All scientific efforts are directed towards reducing the degree of uncertainty in the world about observations, relationships and causes. All measurements are subject to uncertainty and may have many potential sources of variation, including human capacity in measurement, the nature of the instrumentation used and external factors such as air currents in the laboratory, and this uncertainly extends to all inferences and conclusions that depend on uncertain measurements.

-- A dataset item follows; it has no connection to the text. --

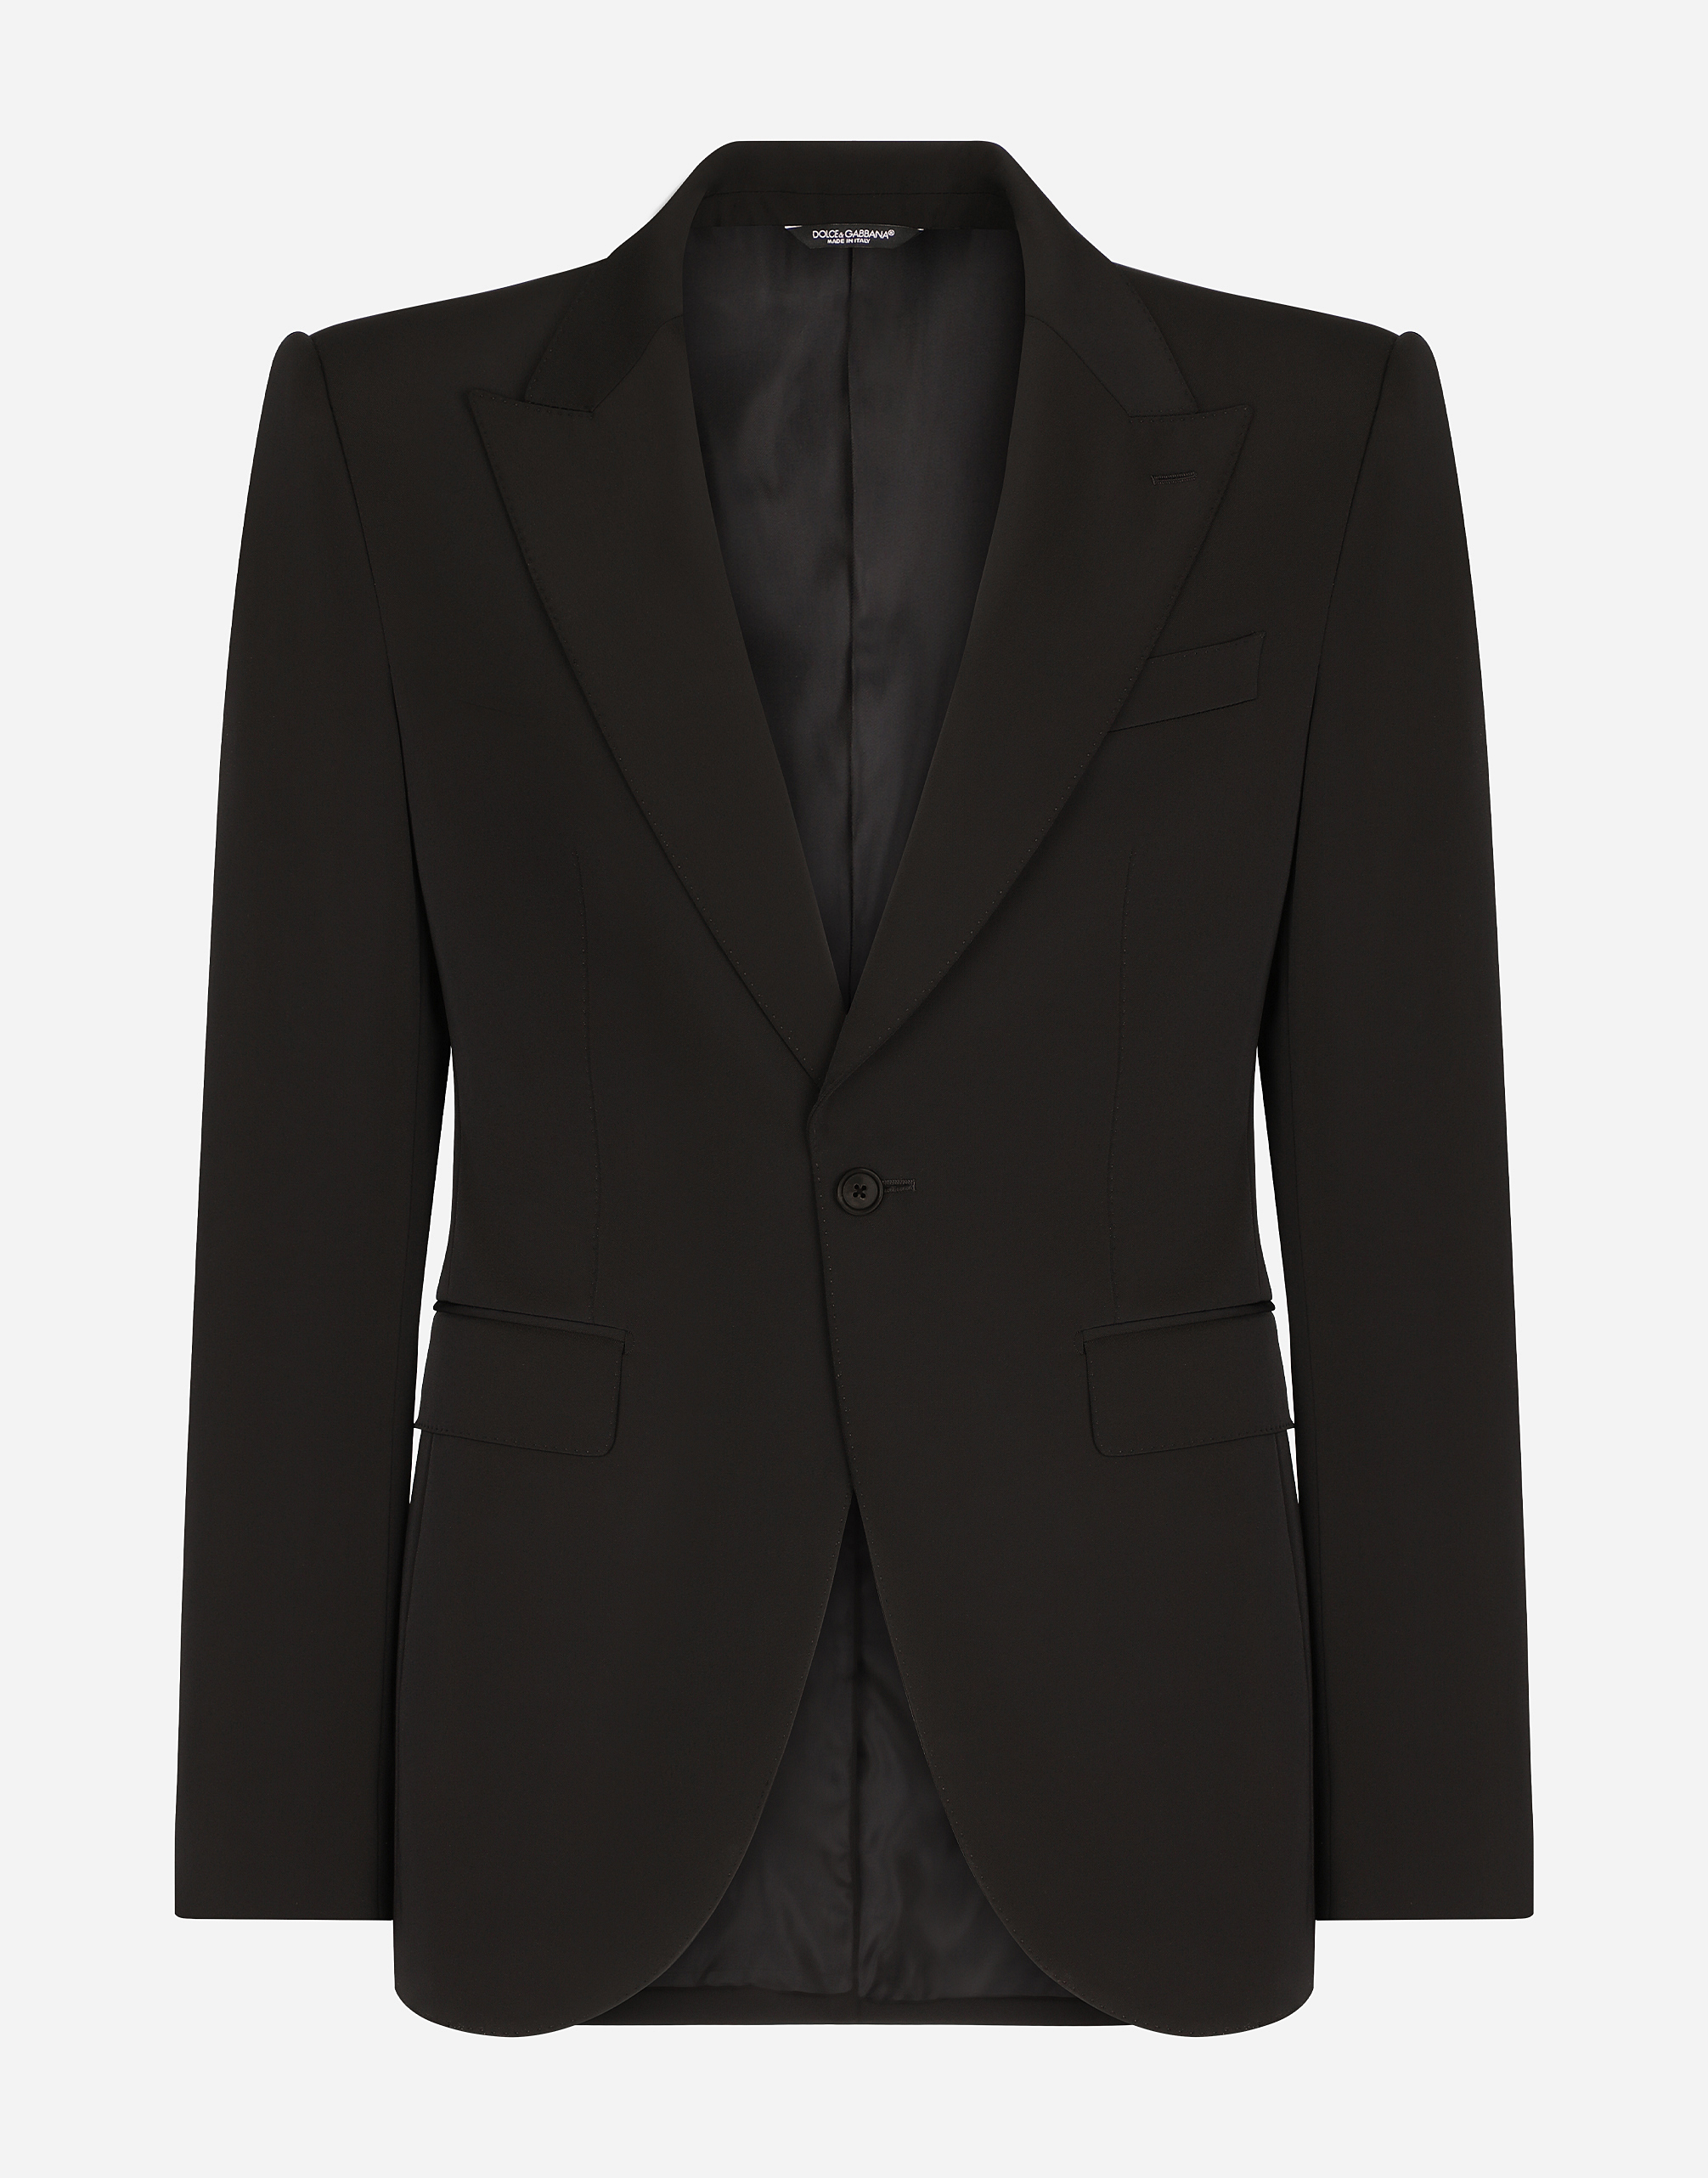 Stretch technical fabric Sicilia-fit jacket in Black

VCE Biology requires only a qualitative treatment of uncertainty (no calculations). When evaluating personally sourced or provided data, students should be able to identify contradictory (incorrect data) and incomplete data (missing data – questions without answers or variables without observations), including possible sources of bias.

Outliers

Outliers in data are data points that do not fit a pattern or trend. Outliers should not be ignored or assumed to be personal errors (mistakes). All data, including outliers, should be included in order that the analysis of data is undertaken in an ethical and systematic way. It is good scientific practice to take repeated readings so that greater confidence in the validity of data is achieved.